Sorry... I really needed my car worked on... but I wasn't any help at all.

Later on that night:
"Hey Noel... my new meds are finally ready at the pharmacy... they close in an hour... can you pick it up for me?  I still don't feel well.  Sorry, I know you just settled down to rest and I can't go with you... but I really want to trial those new meds... the Immodium AD isn't working today.  Can you please go get them for me?"  My poor husband, without a single complaint, gets up and drives off to pick up my new medicine.
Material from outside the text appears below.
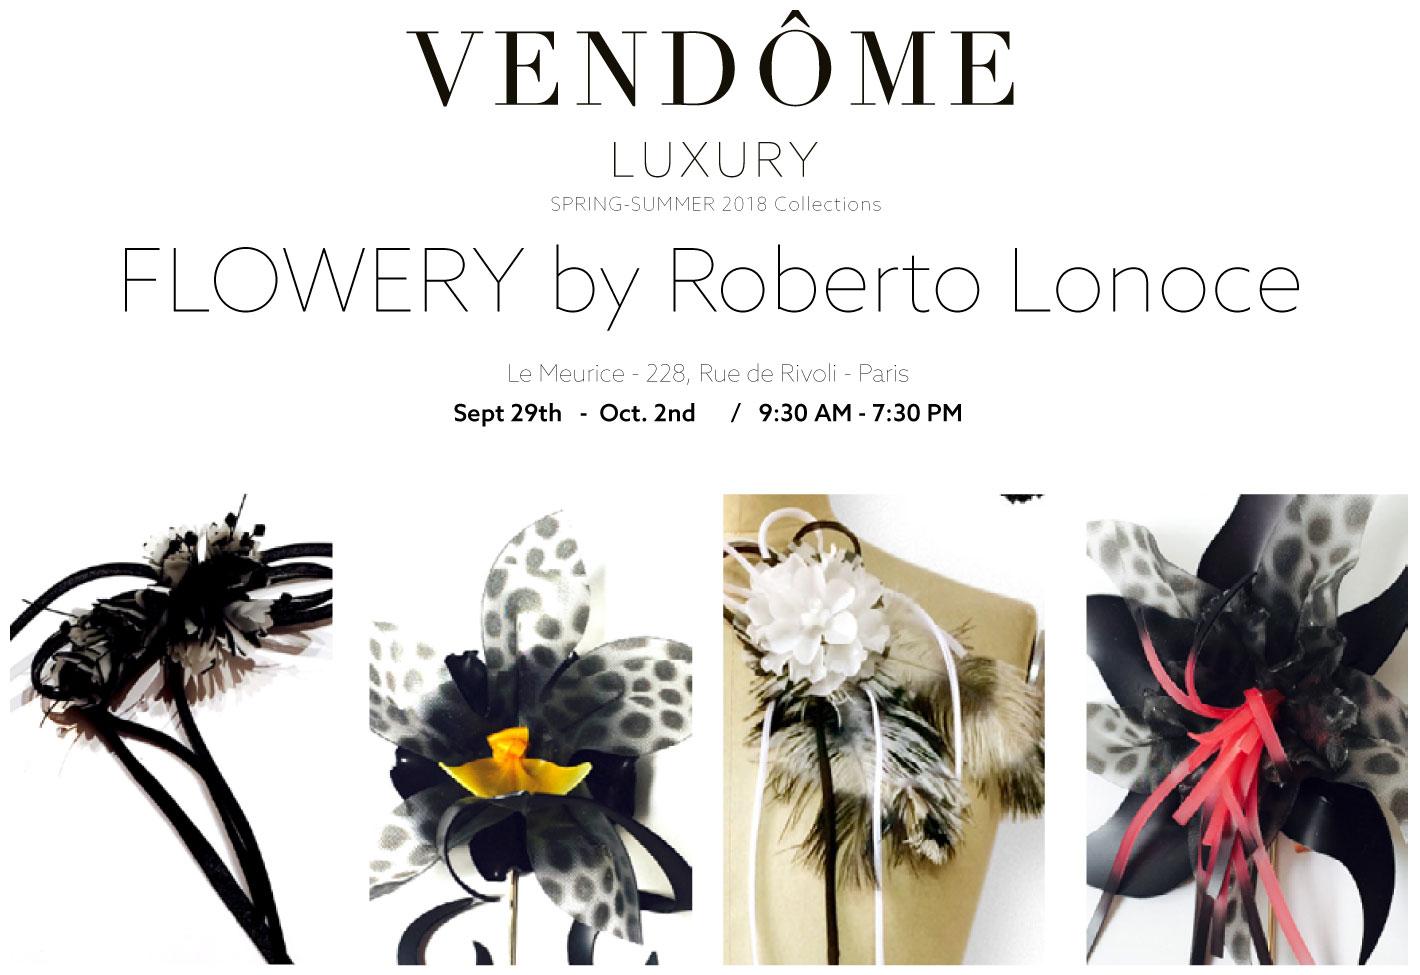 Flowery by Roberto Lonoce at Vendôme Luxury, Paris

Tuesday, September 10, 2013

God, thank you beyond words for my beloved husband!  Honestly, if it wasn't for my body being so broken, I would never have experienced my husband's generosity and love to the crazy needy extent that I now constantly ask of him.  Thank you, Lord Jesus, for my husband's continued health, work and extensive amount of patience!

Today, I want to shout praises to my Lord!  Lord God, you answered all the many prayers about having a medicine that will allow me to have control over my body!  At least today, the new medication (generic version of Lomotil) appears to be working!  I don't feel queasy or fatigued.  In fact, Lord, I believe by your blessings, you guided the doctors to change my medicine and enabled my body to react appropriately!  Thank you again, Lord God, for renewed hope, for safely roaming outside of the house today, for strength, for a clearer mind to focus, for wisdom in what exercises to perform (I actually did 15 minutes of light exercise... enough for a light sweat!), for safety as I drove my car for the first time in over a month... for so many blessings in this one day alone!

I lift your name and shout my praises... Thank you, Lord, for everything!  This life, this cancer, modern medicine, my doctors, my family and friends, my husband... thank you, Lord, for opening my eyes to see your many blessings, your abundant provisions and for the ability to see the good even in times of difficulty.

In Jesus' name, amen.

Got my cat, Rogue... she's hard to catch!

Hey Rogue... look at the camera... I'm trying to take a picture!

Uh oh... Rogue's unhappy.  This is right before she runs off my lap!